I get the same error with Internet Explorer.

I am running the Citrix ICA client for Mac OS X version 7.00.405

Any help would be greatly apprecitated.

Thanks.


----------



## TMAN2005 (Aug 1, 2005)

I have installed the latest Citrix Client update which still yields the same problem.


----------



## TMAN2005 (Aug 1, 2005)

I finally figured it out.  
The solution:
I found the appropriate certificate on www.geotrust.com and copied it into the keystore directory in the Citrix client directory structure.


----------



## peterthorn (Aug 29, 2005)

TMAN2005 said:
			
		

> I finally figured it out.
> The solution:
> I found the appropriate certificate on www.geotrust.com and copied it into the keystore directory in the Citrix client directory structure.

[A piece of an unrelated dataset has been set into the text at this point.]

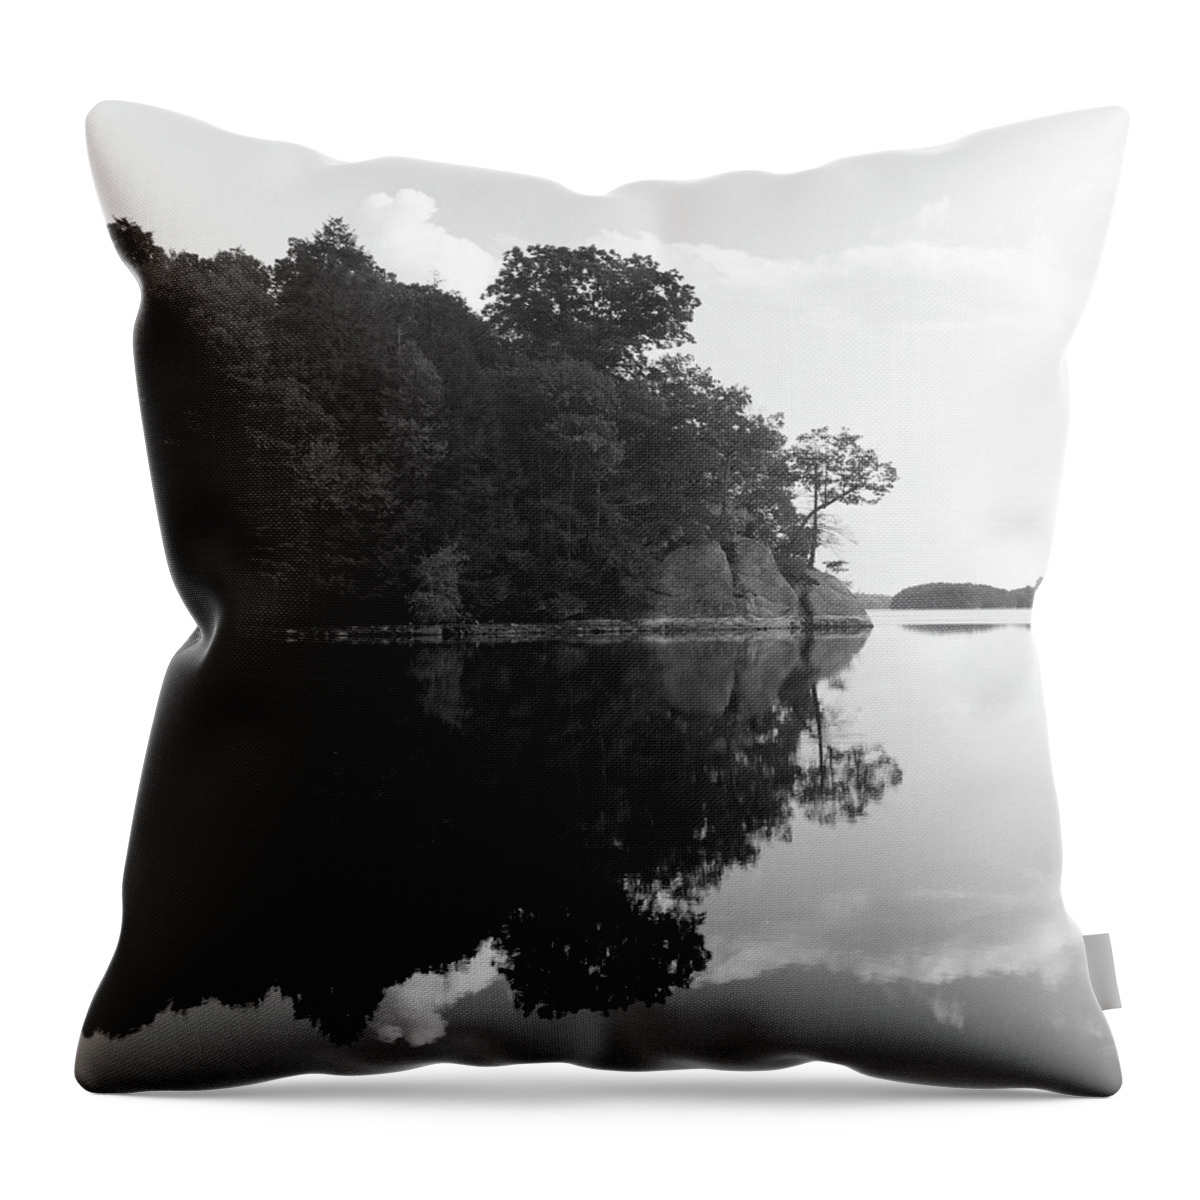 Reservoir Throw Pillow featuring the photograph Reservoir Reflection by Adam Garelick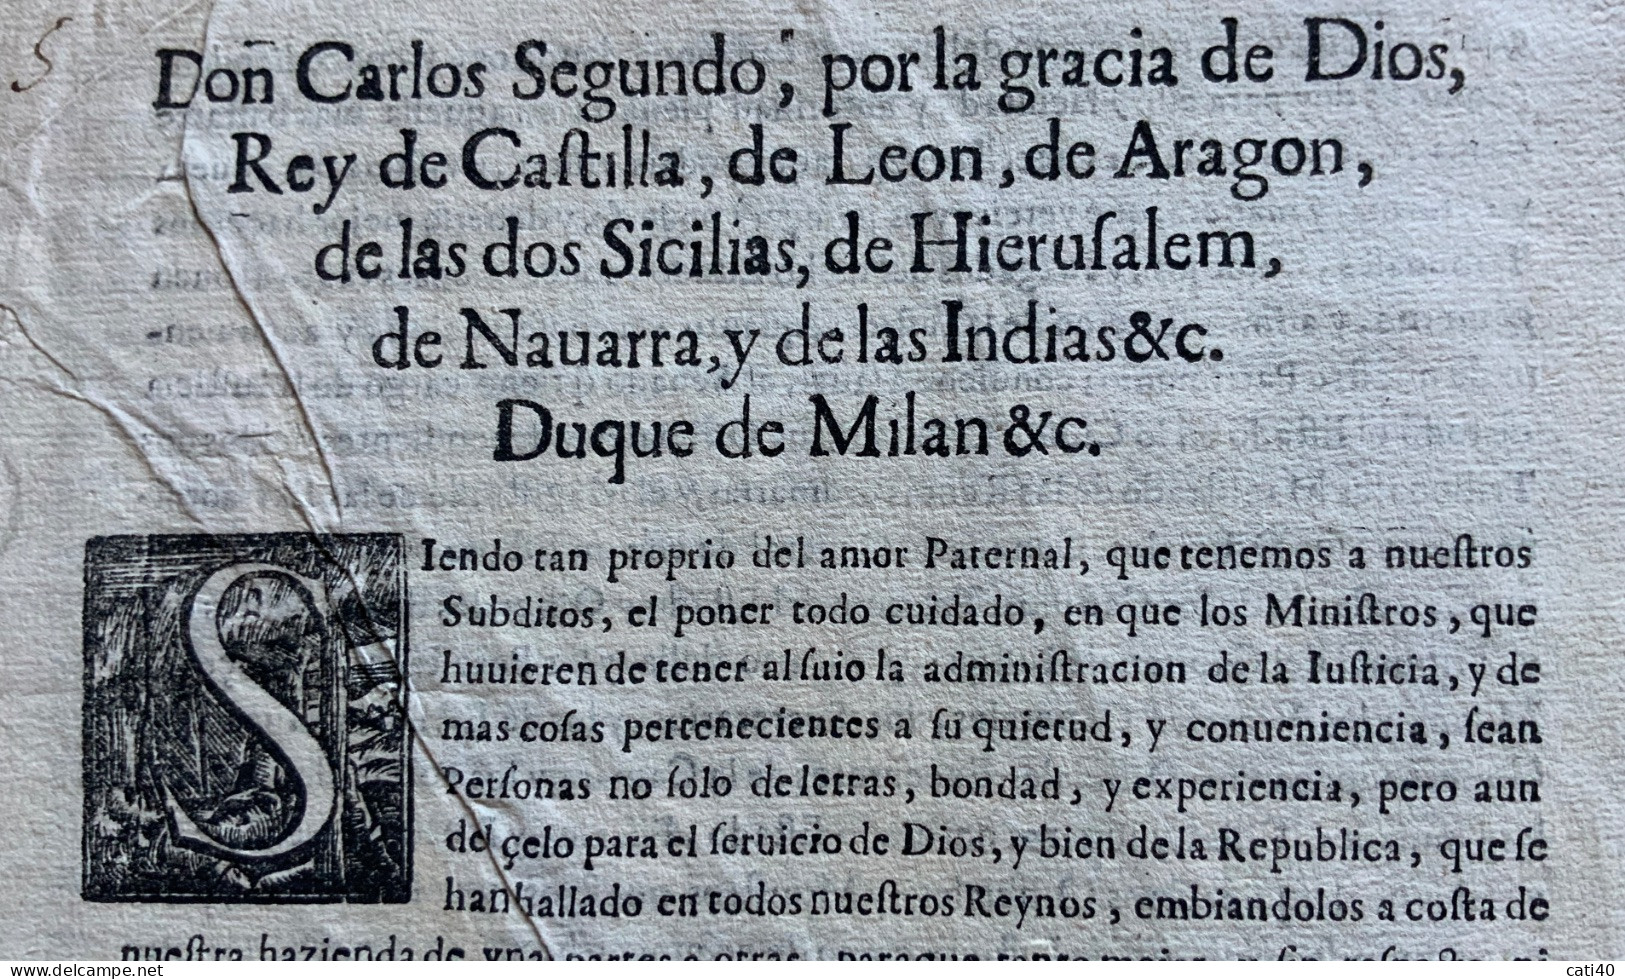 CARLO II DI SPAGNA - 25 /10/1678 - EDITTO IN QUATTRO PAGINE - RRR - Historical Documents

I have the exact same problem, but haven't been able to find the equifax certificate at geotrust. Could you be more specific on where to get it?

Thanks!
Peter


----------



## peterthorn (Aug 29, 2005)

Ahh - the joy of responding to own questions (for others to use) it is the first certificate at http://www.geotrust.com/resources/root_certificates/   - the Base-64 encoded X.509
Thanks to TMAN2005 for pointing in the right direction!


----------



## pikester (Sep 23, 2005)

I realize this may be a little late in coming, but here is a link I found on another post out here:
http://www.silerfamily.net/~fms/projects/citrix.php

This will walk you through the steps of finding the proper certificate (well, hopefully).


----------



## falcon5182 (Sep 26, 2005)

I'm also having issues with the Citrix ICA client.  The problem I'm having is that the LAUNCH.ASP file tries to open with Photoshop or Dreamweaver.  I can't get it open with the Citrix client.  How can I change the file association so ASP files open the Citrix?


----------